I tried to give the LLM permission to ask follow-up questions, perhaps it would ask about things like that and tailor its response, but in my experience they tend to ‘speak when spoken to’, responding to the last message you send with as close to a complete answer as they can give, not suitable for the kind of back-and-forth I wanted.
Lastly it finishes out with generic financial advice you might give to a child receiving pocket money for the first time.
Assumed values (or lack thereof)
This is really the key point here; I don’t begrudge the system for just summarising what it sees, commenting superficially on it, and wrapping up with spending tips, that’s effectively what I asked for by not specifying any goals or values or motivations.

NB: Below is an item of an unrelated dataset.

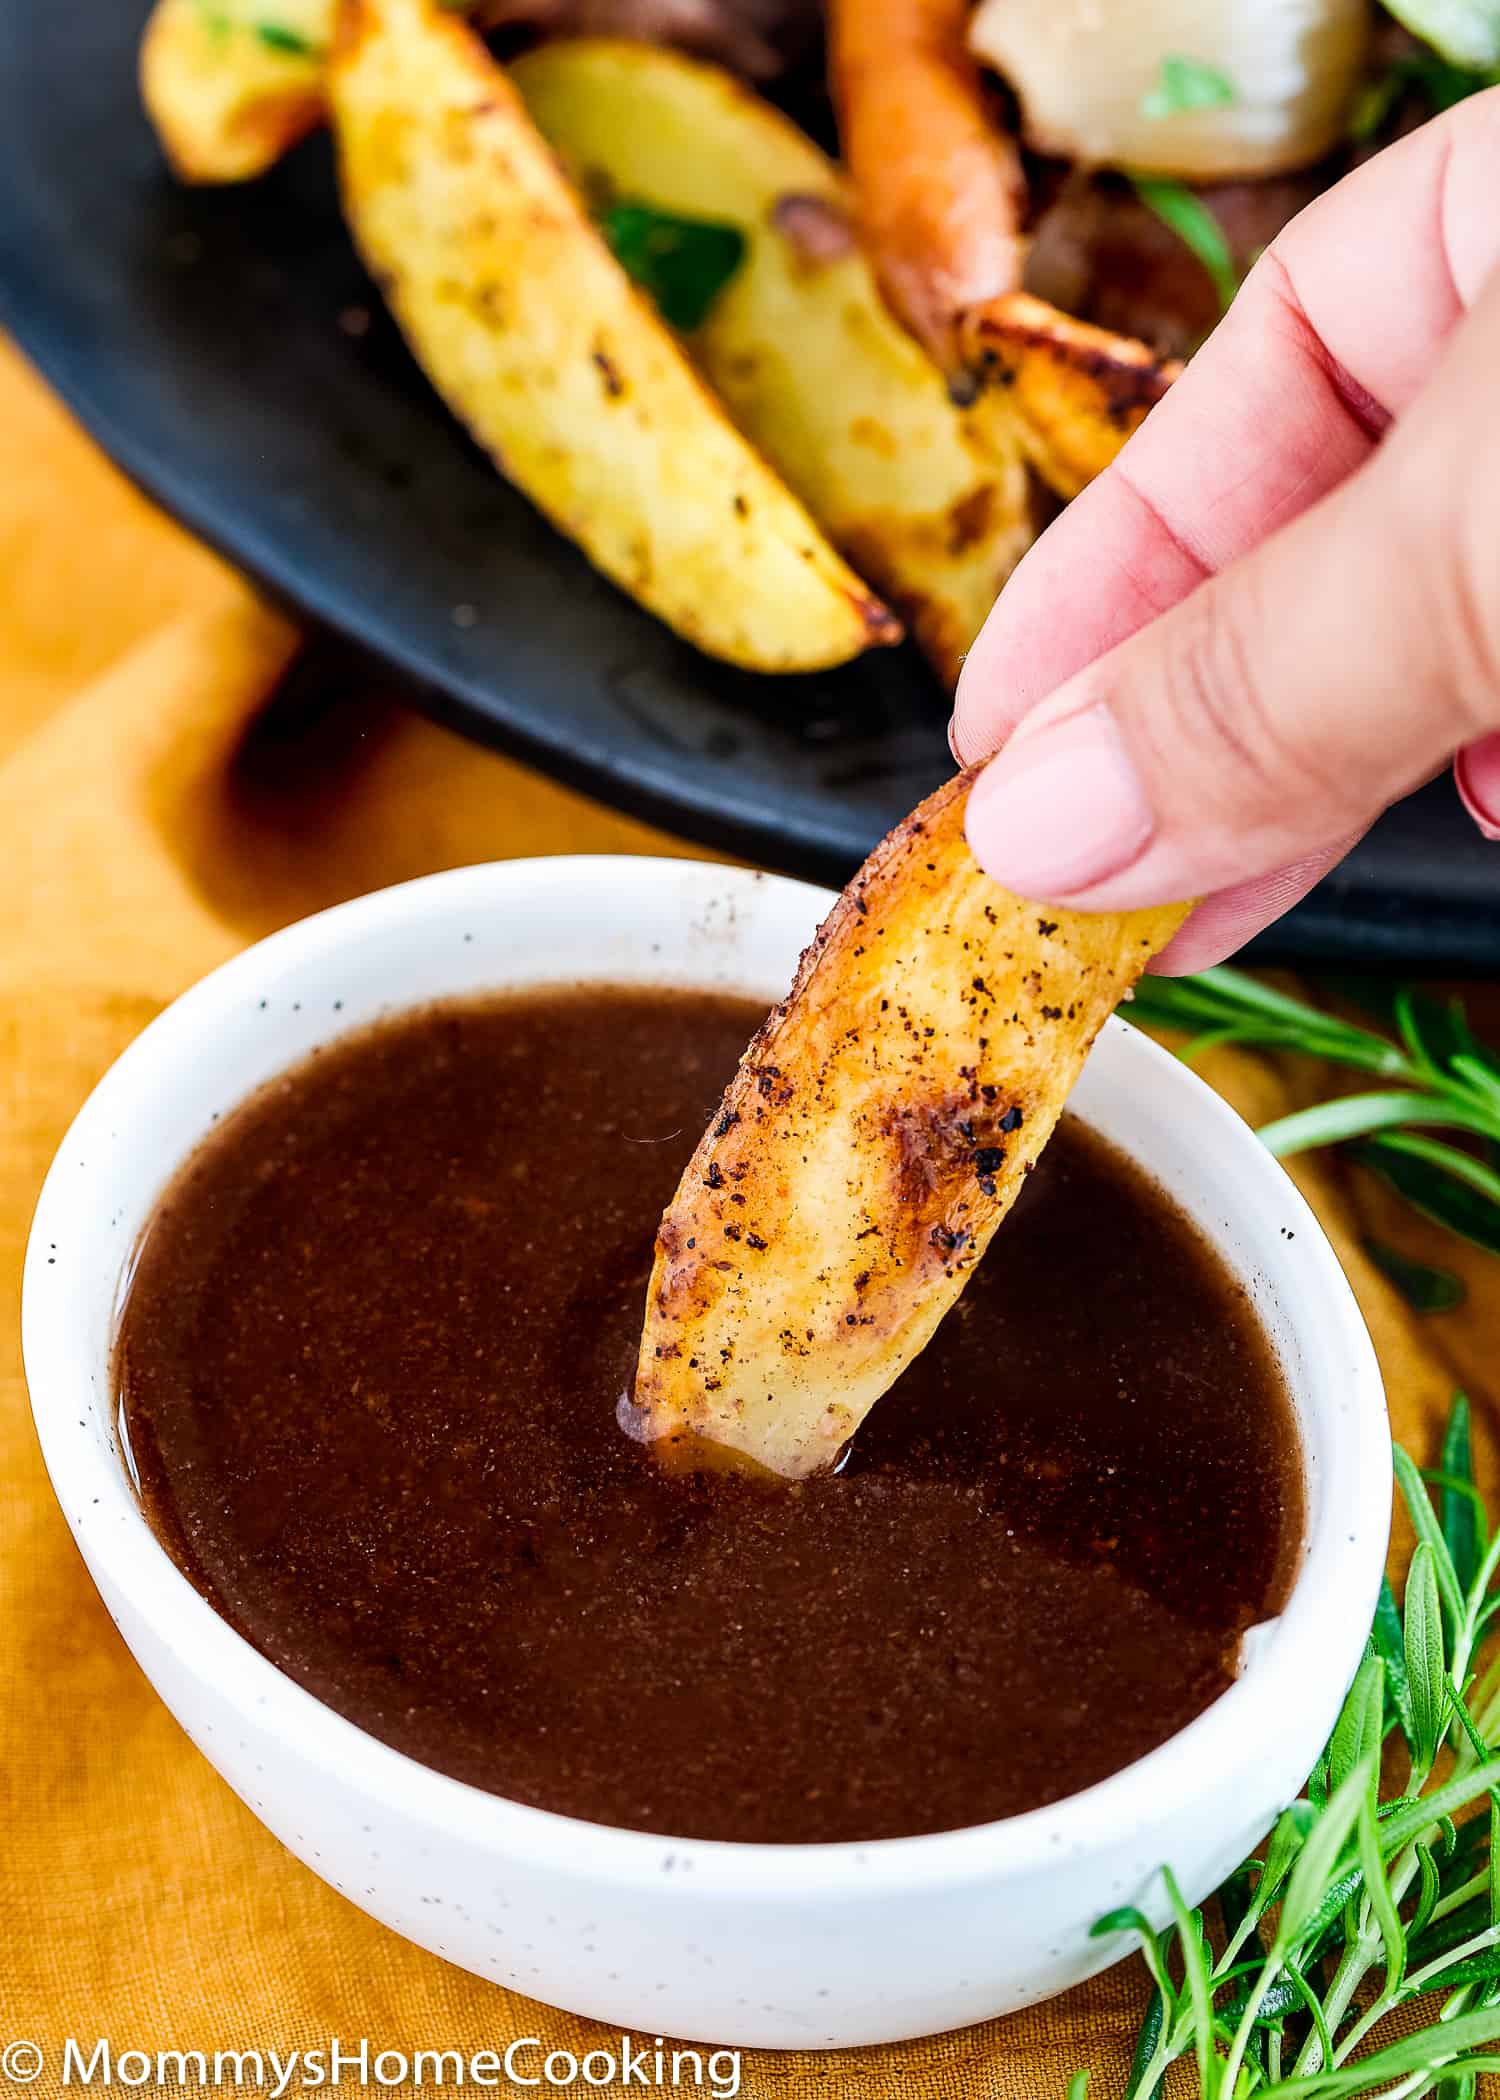 This Slow Cooker Red Wine Hind Shank is rich, hearty and super satisfying. Cook it in a slow cooker for really tender meat, this classic beef stew is enveloped in a tasty, deeply red wine flavored sauce. https://mommyshomecooking.com
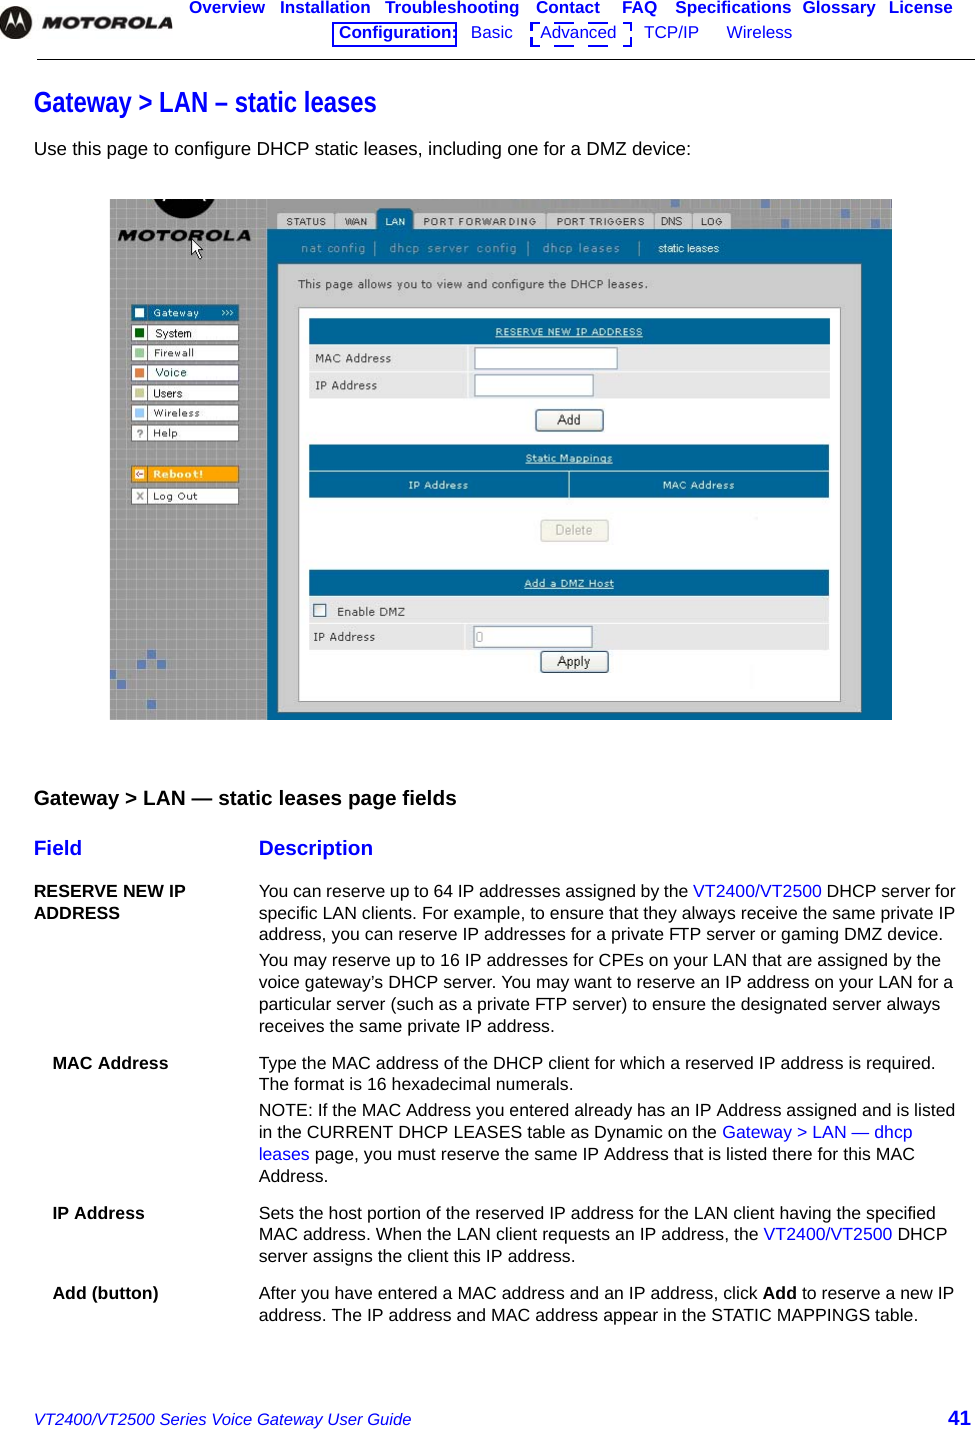 VT2400/VT2500 Series Voice Gateway User Guide 41Overview Installation Troubleshooting Contact FAQ Specifications Glossary LicenseConfiguration:   Basic      Advanced      TCP/IP      Wireless    Gateway &gt; LAN – static leasesUse this page to configure DHCP static leases, including one for a DMZ device:Gateway &gt; LAN — static leases page fieldsField DescriptionRESERVE NEW IP ADDRESS You can reserve up to 64 IP addresses assigned by the VT2400/VT2500 DHCP server for specific LAN clients. For example, to ensure that they always receive the same private IP address, you can reserve IP addresses for a private FTP server or gaming DMZ device.You may reserve up to 16 IP addresses for CPEs on your LAN that are assigned by the voice gateway’s DHCP server. You may want to reserve an IP address on your LAN for a particular server (such as a private FTP server) to ensure the designated server always receives the same private IP address.MAC Address Type the MAC address of the DHCP client for which a reserved IP address is required. The format is 16 hexadecimal numerals. NOTE: If the MAC Address you entered already has an IP Address assigned and is listed in the CURRENT DHCP LEASES table as Dynamic on the Gateway &gt; LAN — dhcp leases page, you must reserve the same IP Address that is listed there for this MAC Address. IP Address Sets the host portion of the reserved IP address for the LAN client having the specified MAC address. When the LAN client requests an IP address, the VT2400/VT2500 DHCP server assigns the client this IP address.Add (button) After you have entered a MAC address and an IP address, click Add to reserve a new IP address. The IP address and MAC address appear in the STATIC MAPPINGS table.

In essence what else was it supposed to do? Take a really strong stance that I should invest more on riskier sources? Berate me for not eating out more often and enjoying life? Tell me that I could really afford to be giving more to charity so what’s this about a new air fryer and vacuum cleaner filter? Try to predict future societal events and tell me to stockpile bike tyres because its predicted a war starting that will affect the place where they mostly come from and make prices go up? Tell me that the financial system will collapse and your money won’t mean anything in 40 years time anyway because they economy will be radically different so maybe stop worrying about anything long term?
Ok I’m being a bit facetious here but the point is that there are infinite little calculations we’re constantly doing, maybe not even consciously, that affect our values and habits and influence ‘how the data looks’ that an automatic system – designed to be somewhat middle of the road by the vendor – just isn’t going to do.
Yes a better model could probably perform much better at analysis the patterns, but would be no more useful about finding meaning in the data without the context that the user would bring, with whatever mindset they happen to be in. For example, a better model might be able to perform the kind of reasoning I described with the Saturday lunch costs, but would that add anything? I already know that happens. I’m the one that does it.
I’m not ruling out that an AI system could provide any value at all, but at the moment it would be yet another case of making the use case fit the tool rather than the tool to the use-case.